Exclude the pictures and transcribe the rest of the data below exactly.

Given information
◇ ◇ ◇ ◇ ◇ ◇ ◇
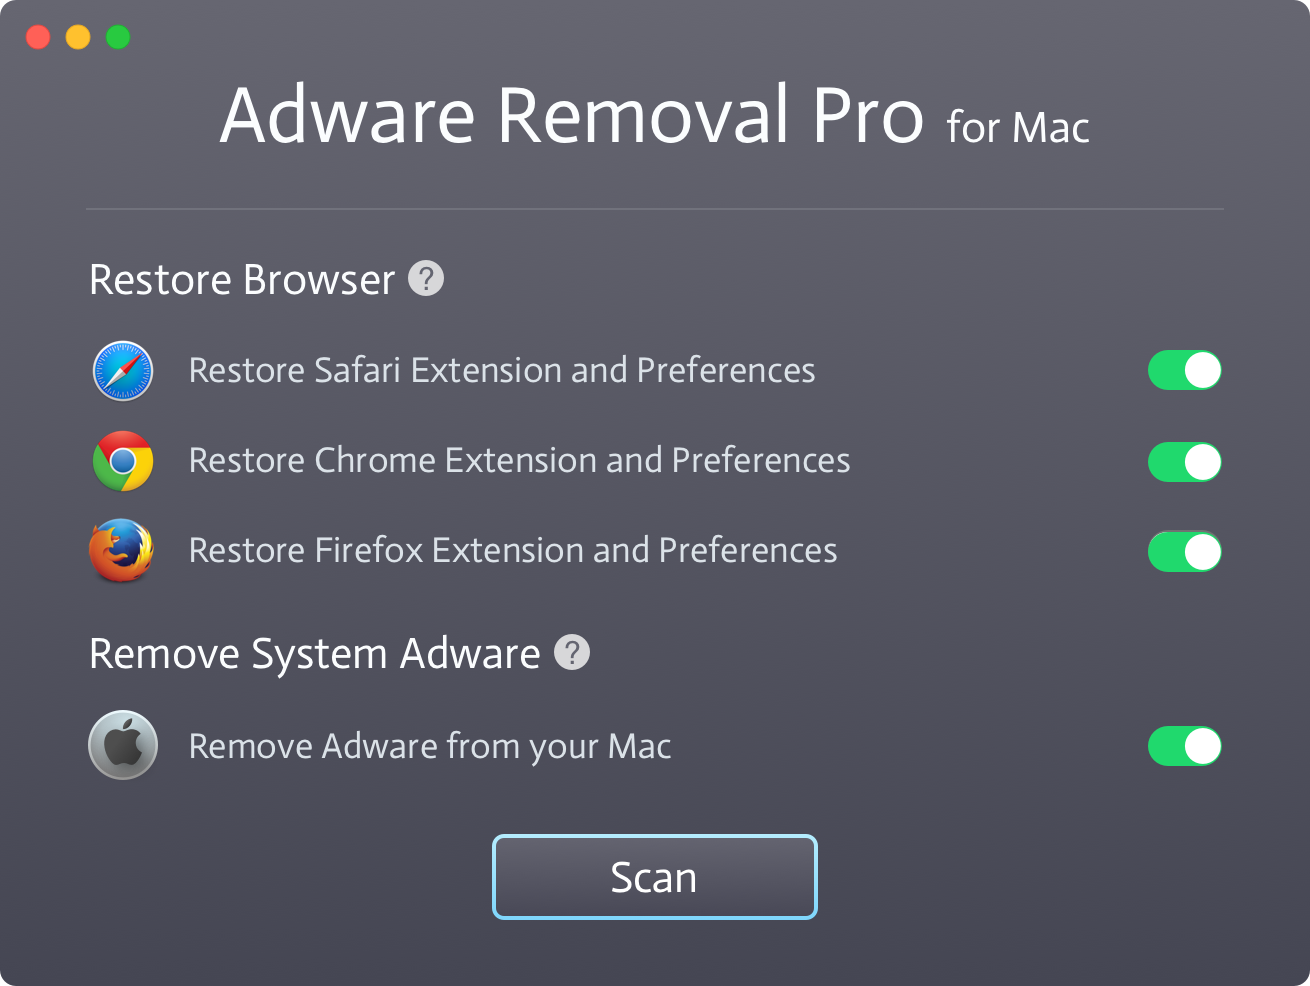 Adware cleaner mac 10.6.8
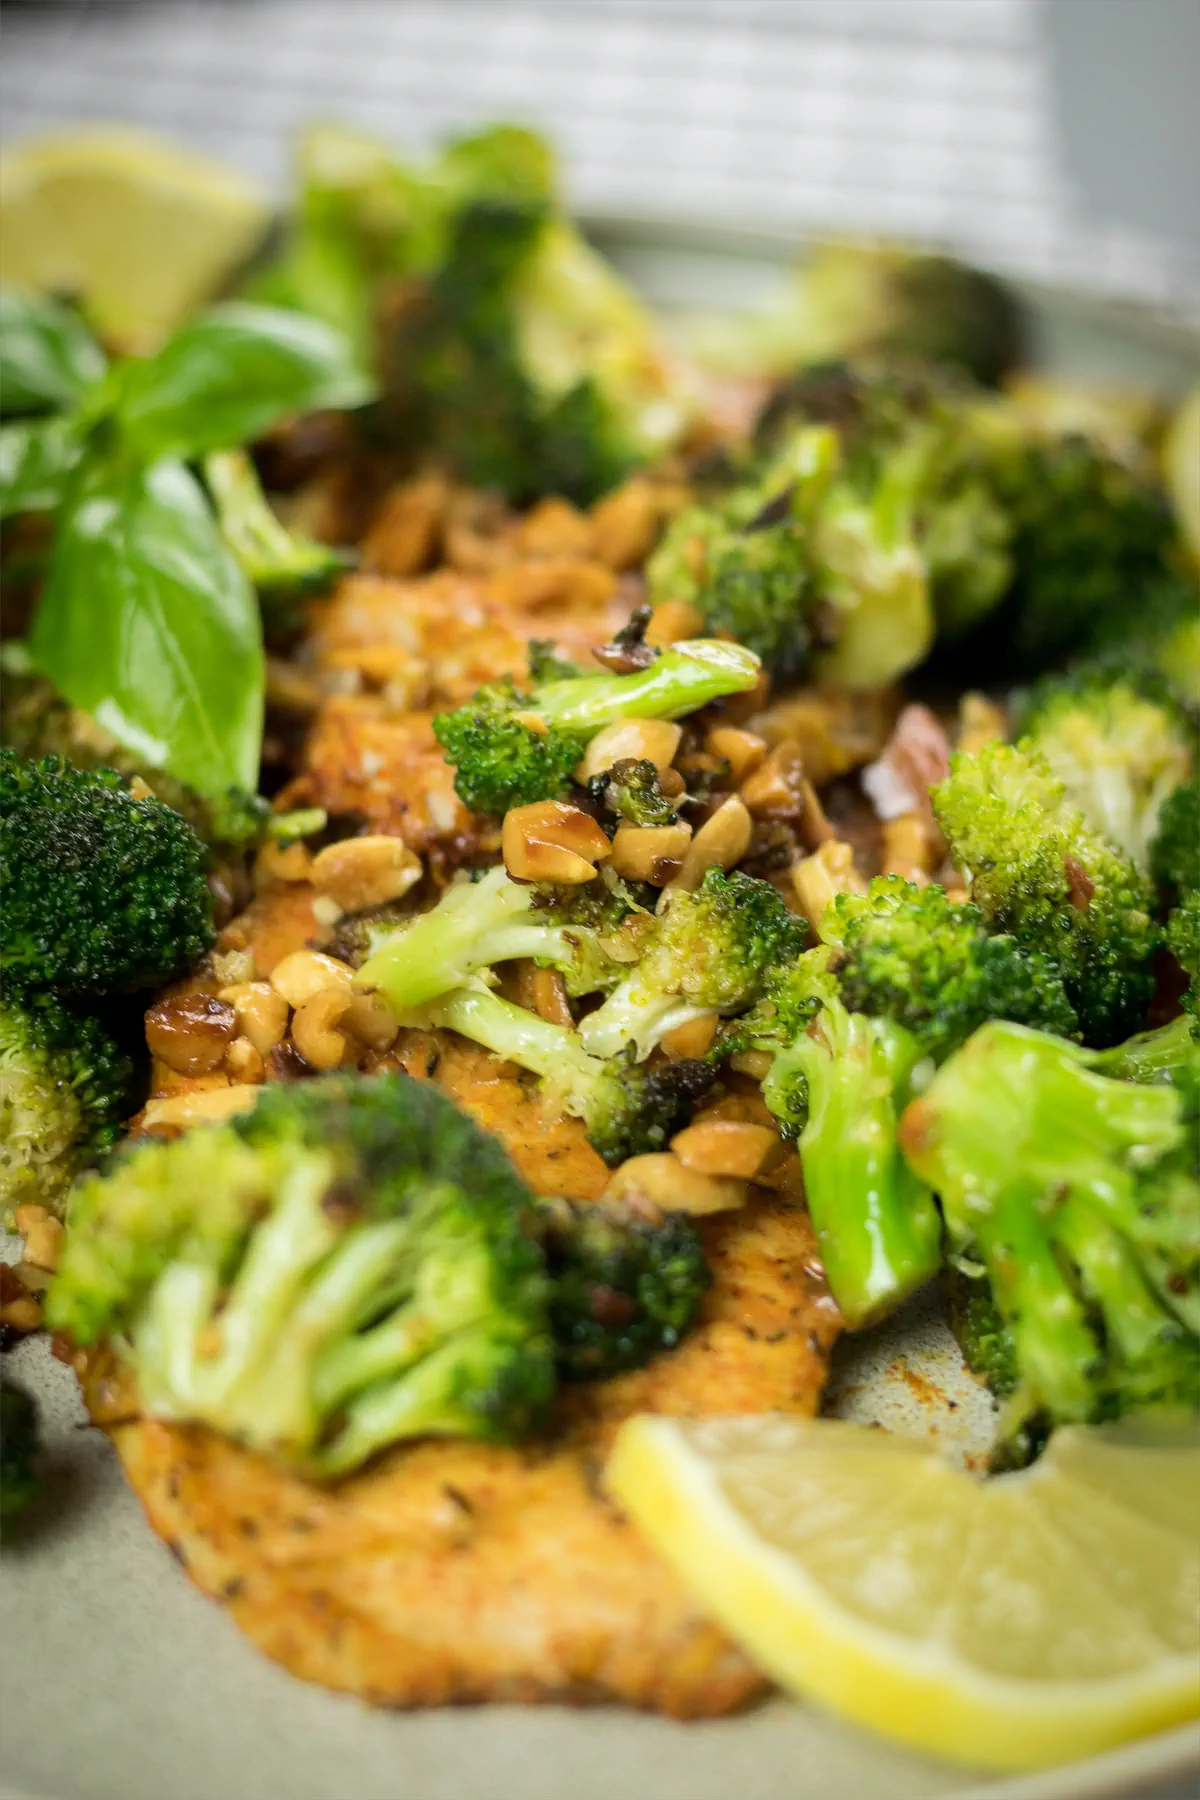 Keto recipe featuring pork chops and broccoli.
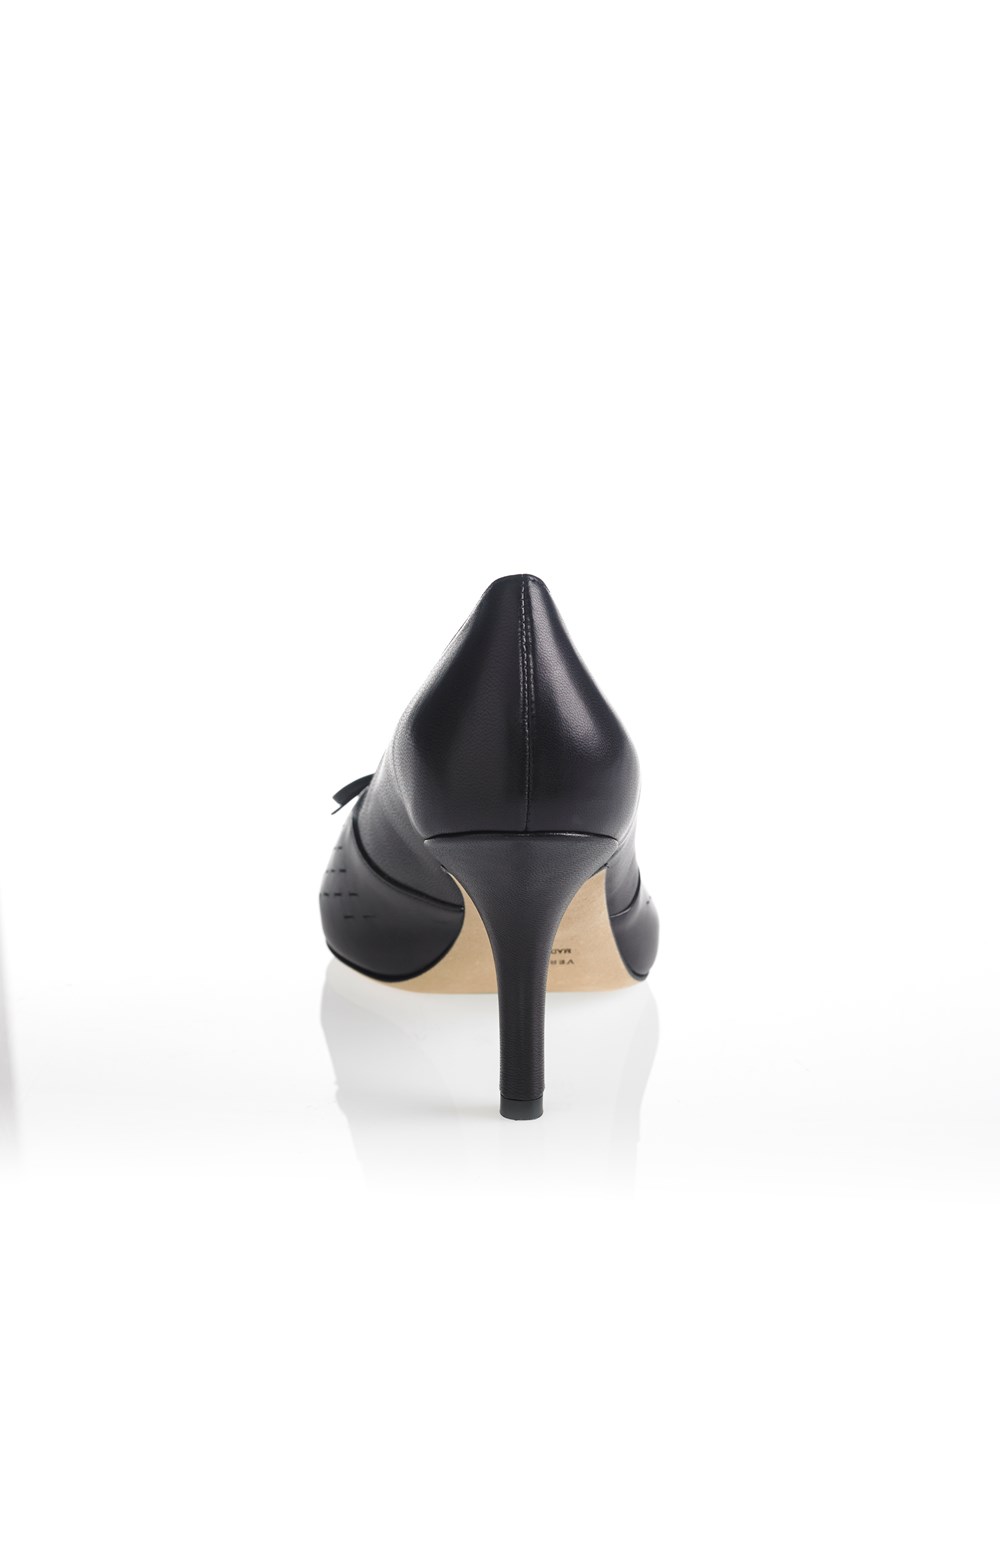 Gracie - comfortable heels - heels for bunions | Julie Lopez Shoes
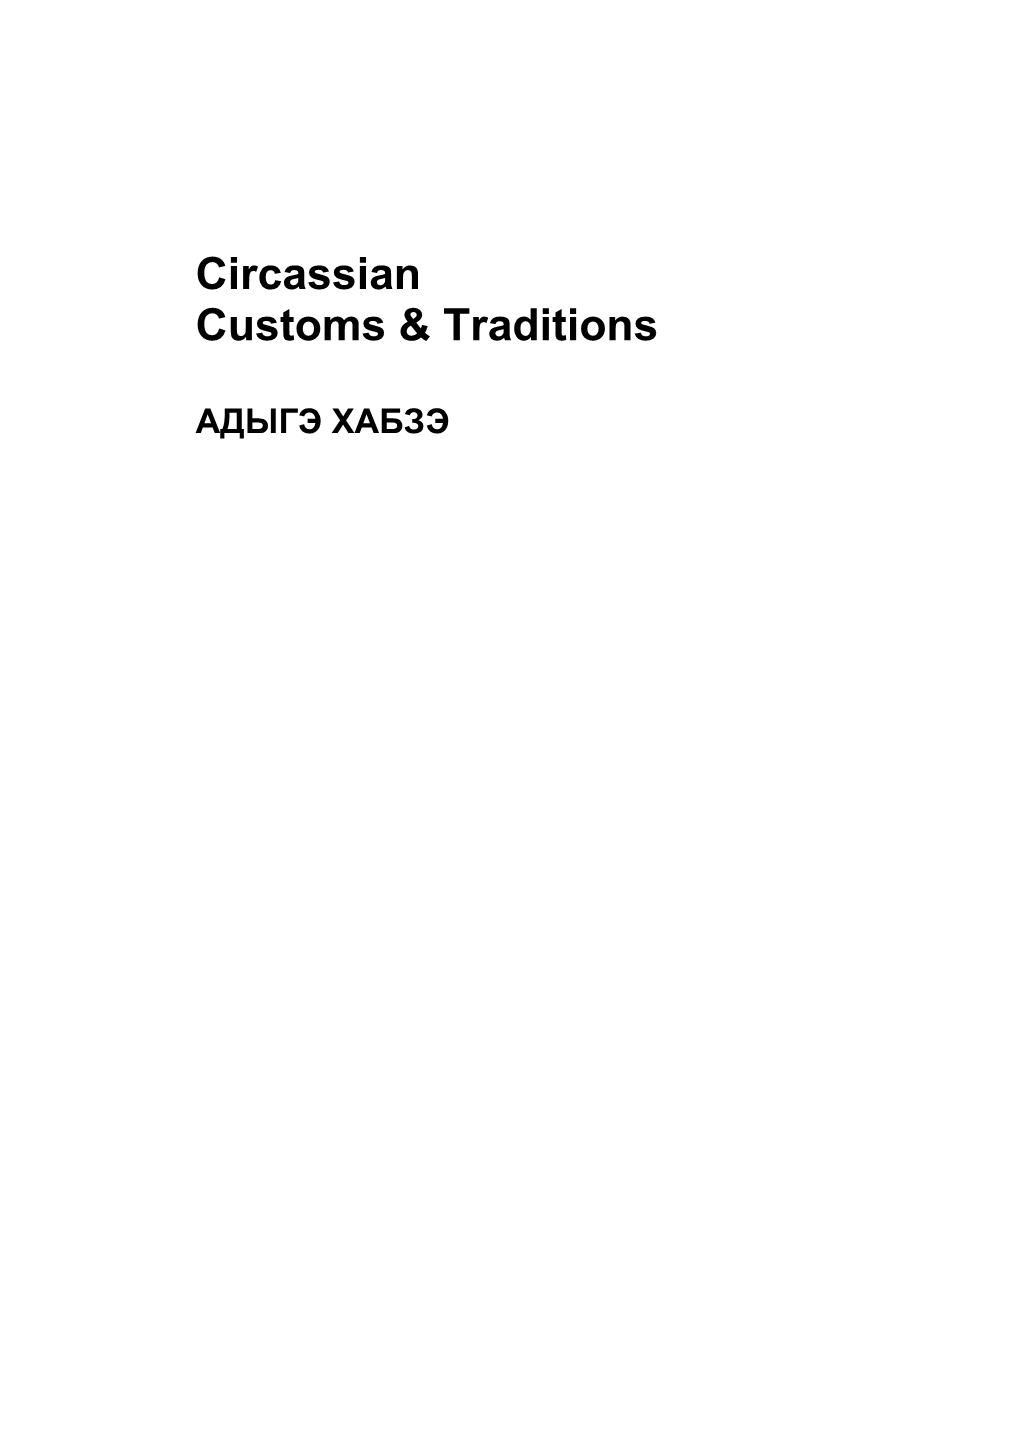 Circassian Customs & Traditions
◇ ◇ ◇ ◇ ◇ ◇ ◇
The completed task
 Adware cleaner mac 10.6.8
 Keto recipe featuring pork chops and broccoli.
 Gracie - comfortable heels - heels for bunions | Julie Lopez Shoes
 Circassian Customs & Traditions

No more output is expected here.